Most industries where the Company sells products or where its products are used historically have been seasonal and are generally at the highest levels when the weather is moderate. Accordingly, the Company's sales and profits have generally been the highest in the second quarter and lowest in the fourth quarter. However, current and future seasonal industry trends have been, and may in the future be, different than in prior years due to various factors, including fluctuations in dealer inventories and the timing of dealer orders, the impact of international, national, and regional economic conditions and consumer confidence on retail sales of RVs and other products for which the Company sells its components, the impact of severe weather conditions on the timing of industry-wide shipments from time to time, as well as the coronavirus ("COVID-19") pandemic and related impacts. Additionally, many of the optional upgrades and non-critical replacement parts for RVs are purchased outside the normal product selling season, thereby causing Aftermarket Segment sales to be counter-seasonal, but this has been, and may in the future be, different as a result of the COVID-19 pandemic and related impacts.
The Company is not aware of any significant events which occurred subsequent to the balance sheet date but prior to the filing of this report that would have a material impact on the Condensed Consolidated Financial Statements. All significant intercompany balances and transactions have been eliminated.

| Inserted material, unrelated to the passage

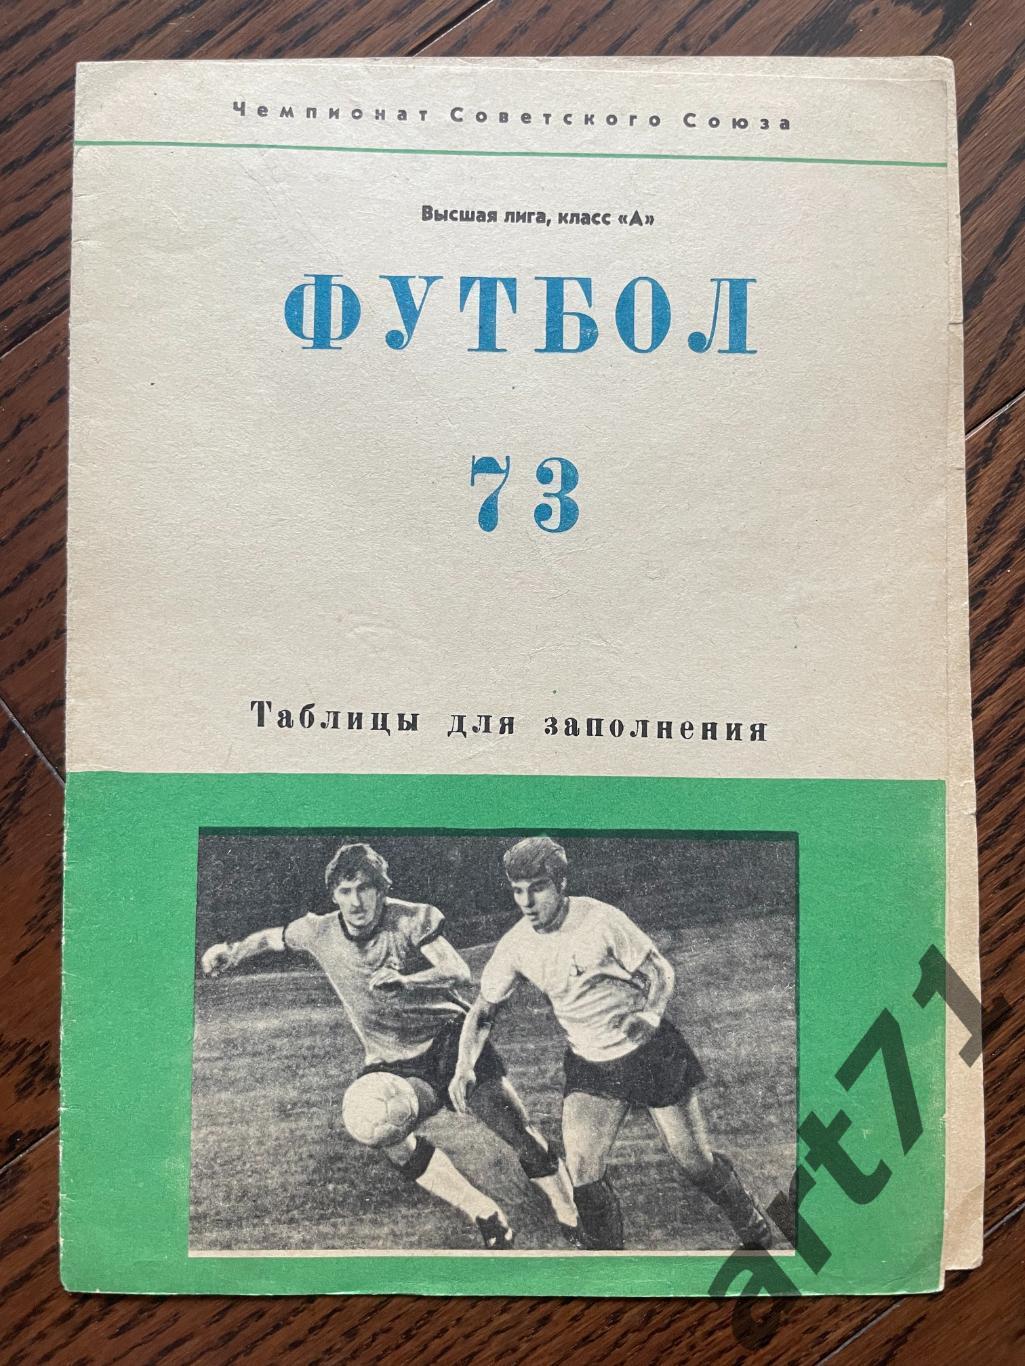 Шахтер Донецк 1973, таблица для заполнения, календарь игр

In the opinion of management, the information furnished in this Form 10-Q reflects all adjustments necessary for a fair statement of the financial position and results of operations for the interim periods presented. The Condensed Consolidated Financial Statements have been prepared in accordance with the instructions to Form 10-Q, and therefore do not include some information necessary to conform to annual reporting requirements. Results for interim periods should not be considered indicative of results for the full year.
Use of Estimates
The preparation of financial statements in conformity with accounting principles generally accepted in the United States of America requires the Company to make estimates and judgments that affect the reported amounts of assets, liabilities, net sales and expenses, and related disclosure of contingent assets and liabilities. On an ongoing basis, the Company evaluates its estimates, including, but not limited to, those related to product returns, sales and purchase rebates, accounts receivable, inventories, goodwill and other intangible assets, net assets of acquired businesses, income taxes, warranty and product recall obligations, self-insurance obligations, operating lease right-of-use assets and obligations, asset retirement obligations, long-lived assets, pension and post-retirement benefits, stock-based compensation, segment allocations, contingent consideration, environmental liabilities, contingencies, and litigation. The Company bases its estimates on historical experience, other available information, and various other assumptions believed to be reasonable under the circumstances, the results of which form the basis for making judgments about the carrying values of assets and liabilities not readily apparent from other resources. Actual results and events could differ significantly from management estimates.
10
LCI INDUSTRIES
NOTES TO CONDENSED CONSOLIDATED FINANCIAL STATEMENTS
(Unaudited)
Risks and Uncertainties
The COVID-19 pandemic and the conflict between Russia and Ukraine (the "Russia-Ukraine War") have caused significant uncertainty and disruption in the global economy and financial markets. Management continues to closely monitor the impact of COVID-19 and the Russia-Ukraine War, as well as heightened tensions between China and Taiwan, on all aspects of the business. The extent to which COVID-19, the Russia-Ukraine War, and/or relations between China and Taiwan may impact the Company's liquidity, financial condition, and results of operations in the future remains uncertain.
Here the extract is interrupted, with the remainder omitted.